大学生。友達とか彼女とか新しい出会いとか新しい趣味とか新しいバイトとか親元を離れた新生活とか。心ときめかす。ようなことは俺にはない。むしろ燃えたぎっている。やってやんぜ。俺はよォ!
元ヤンだってことバレねーように、イマドキな大学生になってやらぁ!
とりあえず金はないのだ!
「…………うるせ」
「ラーメン飽きない?」
「うるせえ」
だから学食で一番やっすい醤油ラーメンすすってんのに、水野はウゲェって目付きで俺を見る。こいつはお坊っちゃまだからな。今日も優雅にコンビニのサンドイッチですよ。あんな高いくせに腹のふくれねーもん、買うなよ食うなよ女子かよ。
地元じゃバリバリの不良だった俺を更正させたのは、この水野君だった。つか、水野はいじめられていた。
学校なんかクソだったけど、そこで中途半端な奴らが中途半端な奴を中途半端にいじめていて、なんかもう中途半端にやり返しそうでやらないこいつにムカついて、指導したのがきっかけ。

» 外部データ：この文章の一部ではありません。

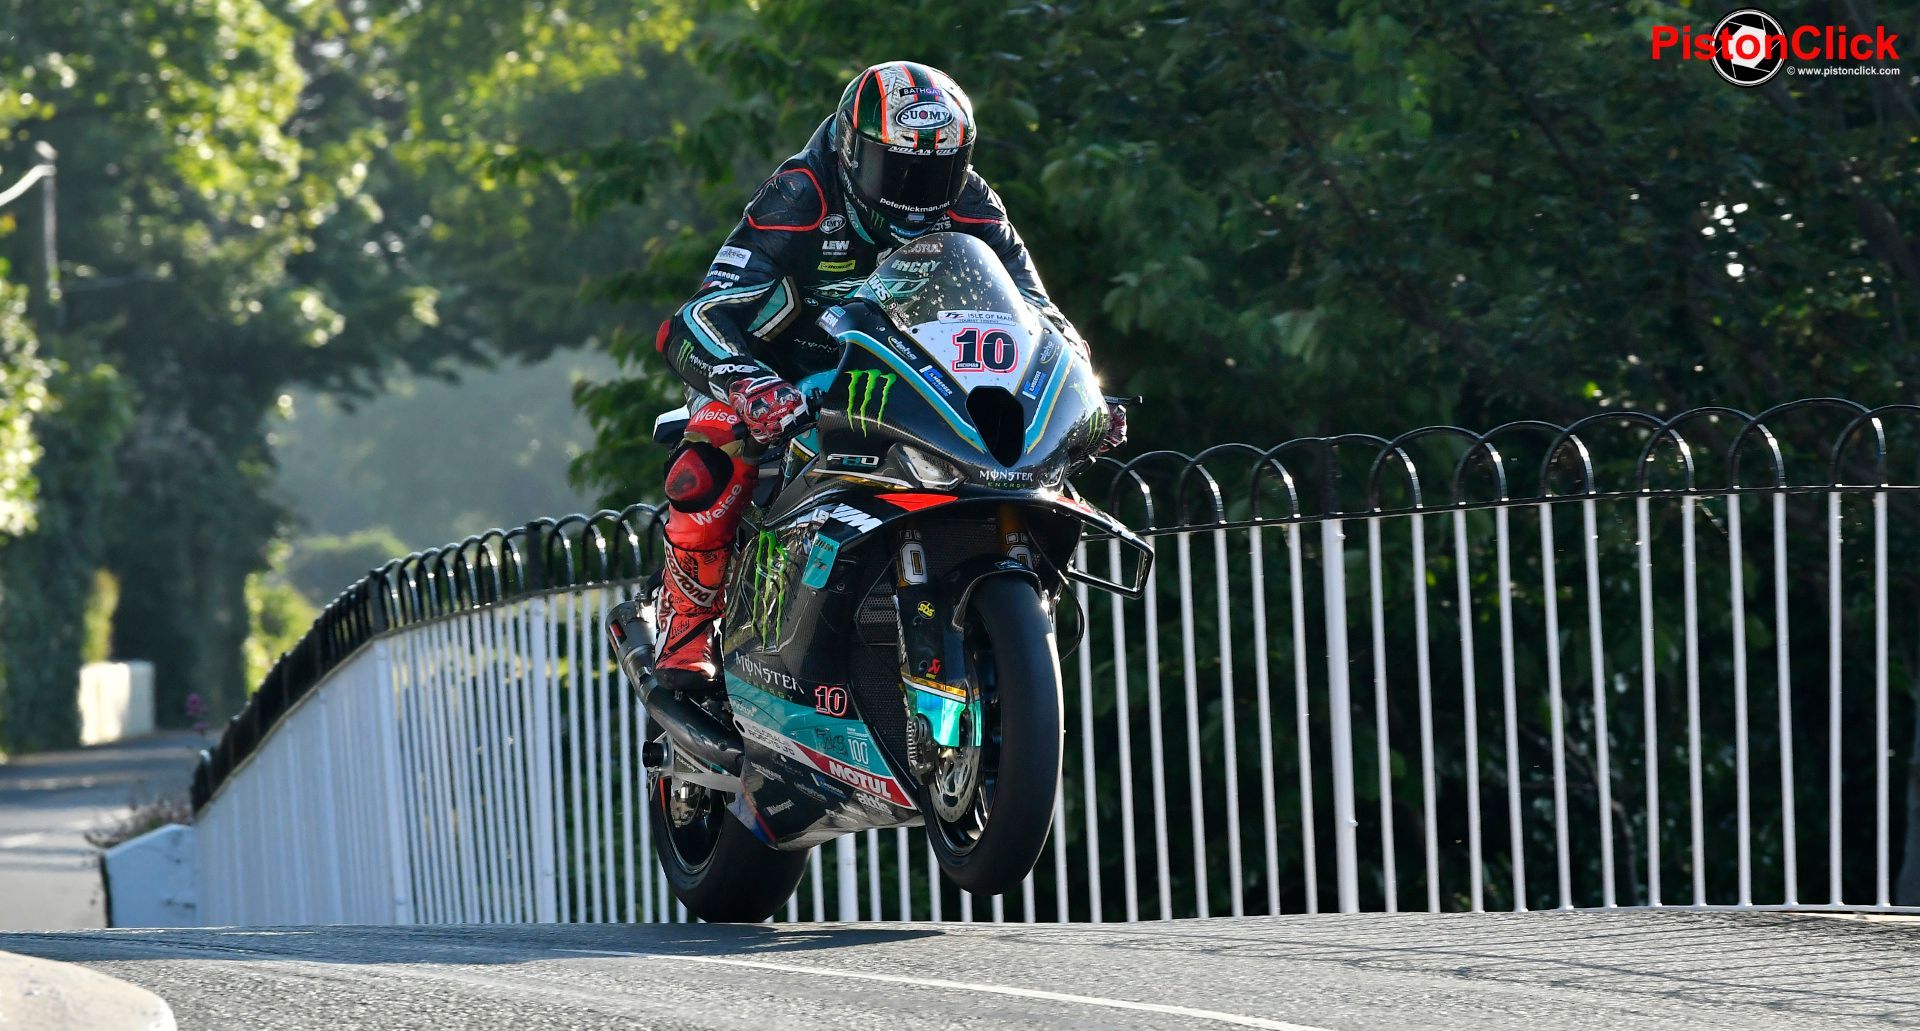 Isle of Man TT, reports, guides, accommodation, viewing points, riders, locations,

いかなる理由があろうとも僕は人に暴力を振らないと、俺には歯向かったこいつに心底ムカついて、それからちょっとだけ見直した。
日本語話せる奴じゃん。
それまではマジでクソみてーな奴しかいなかったから。
なんか俺がこいつをかばうような感じになって、水野ってすげー変な奴で、勉強が好きらしかった。先生と教科書は意味不明だったけど、水野が話してることはキラキラしてて、それが勉強ってことにあんま気付かなかった。歴史とか数学とか理科とかめっちゃエモい。つか猥談。まさかの感動。熱い話。先輩の改造バイクよりヤバい、かっけー世界。

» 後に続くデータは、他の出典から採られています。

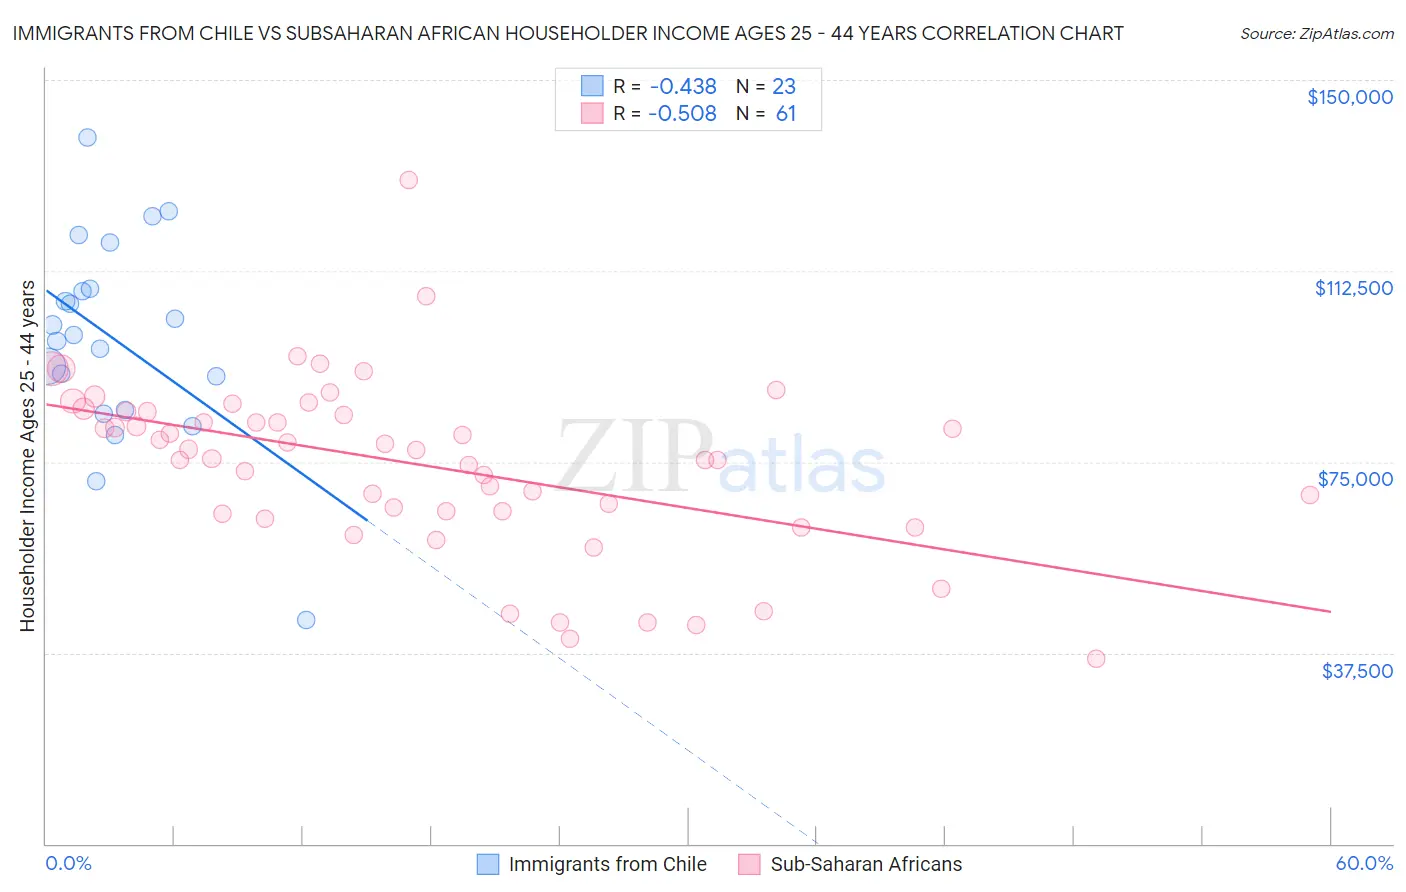 Immigrants from Chile vs Subsaharan African Householder Income Ages 25 - 44 years

で、気付いたらなんか俺も勉強出来る子になってた。族の奴等とはきっちりケジメつけて別れて、半年ぐらい入院したけど、なんやかやあって高校は留年せずに済んだ。多分、水野がなんかしてくれたんだと思う。テストでいい点取ったら、そのまま学年をあげてくれた。

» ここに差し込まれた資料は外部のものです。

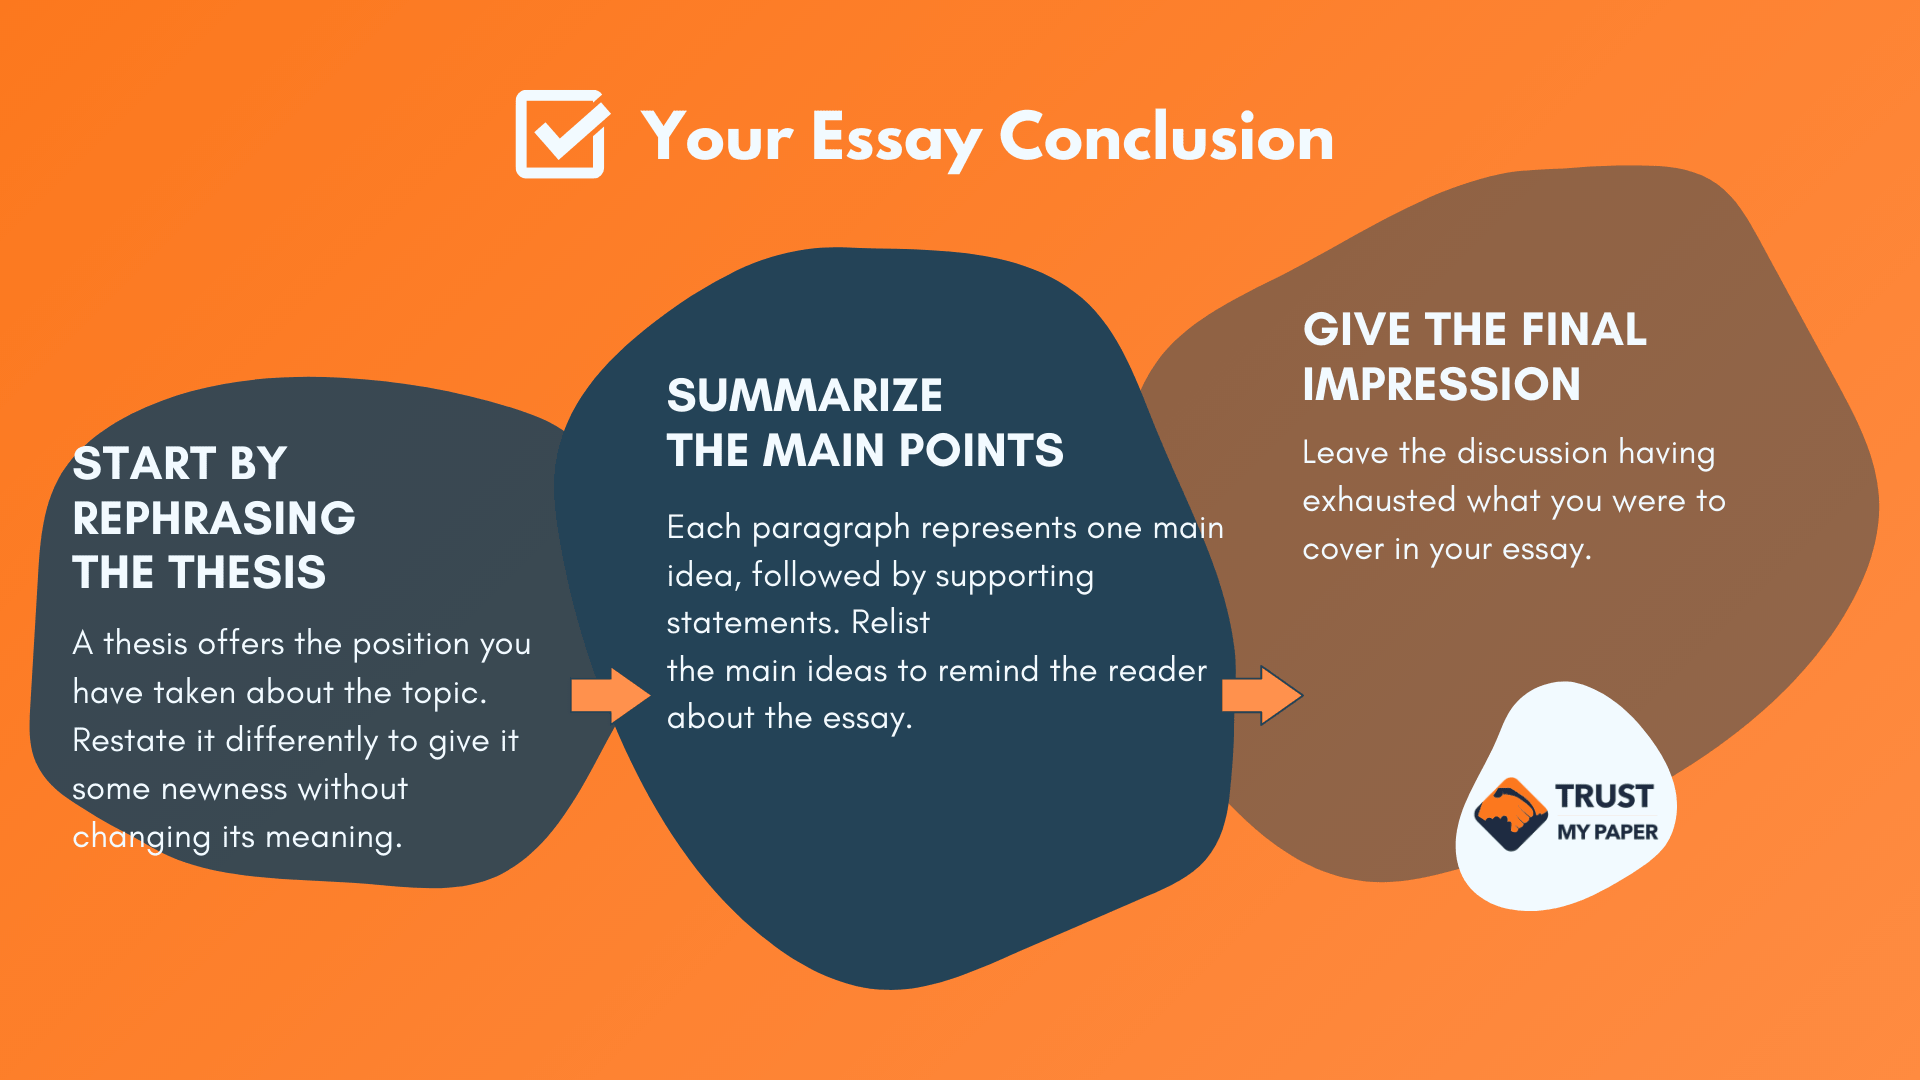 Writing an essay conclusion infographic

親なんか頭わいてるバカだと思ってたけど、入院中、水野に言われて俺も目がさめた。子供育てるって大変。あと、ここの治療費。金稼ぐってことが、どんだけ大変か。父親はふにゃふにゃしてる弱気な工場の作業員で、母親は気まぐれにパートをころころ変えてる。実際アホなんだ、あの二人は。水野のご両親とは偉い違い。いやいやそれでも、俺が高校生になるまでどんだけ苦労してきたかって話。グレなくても、大変だった、つう話。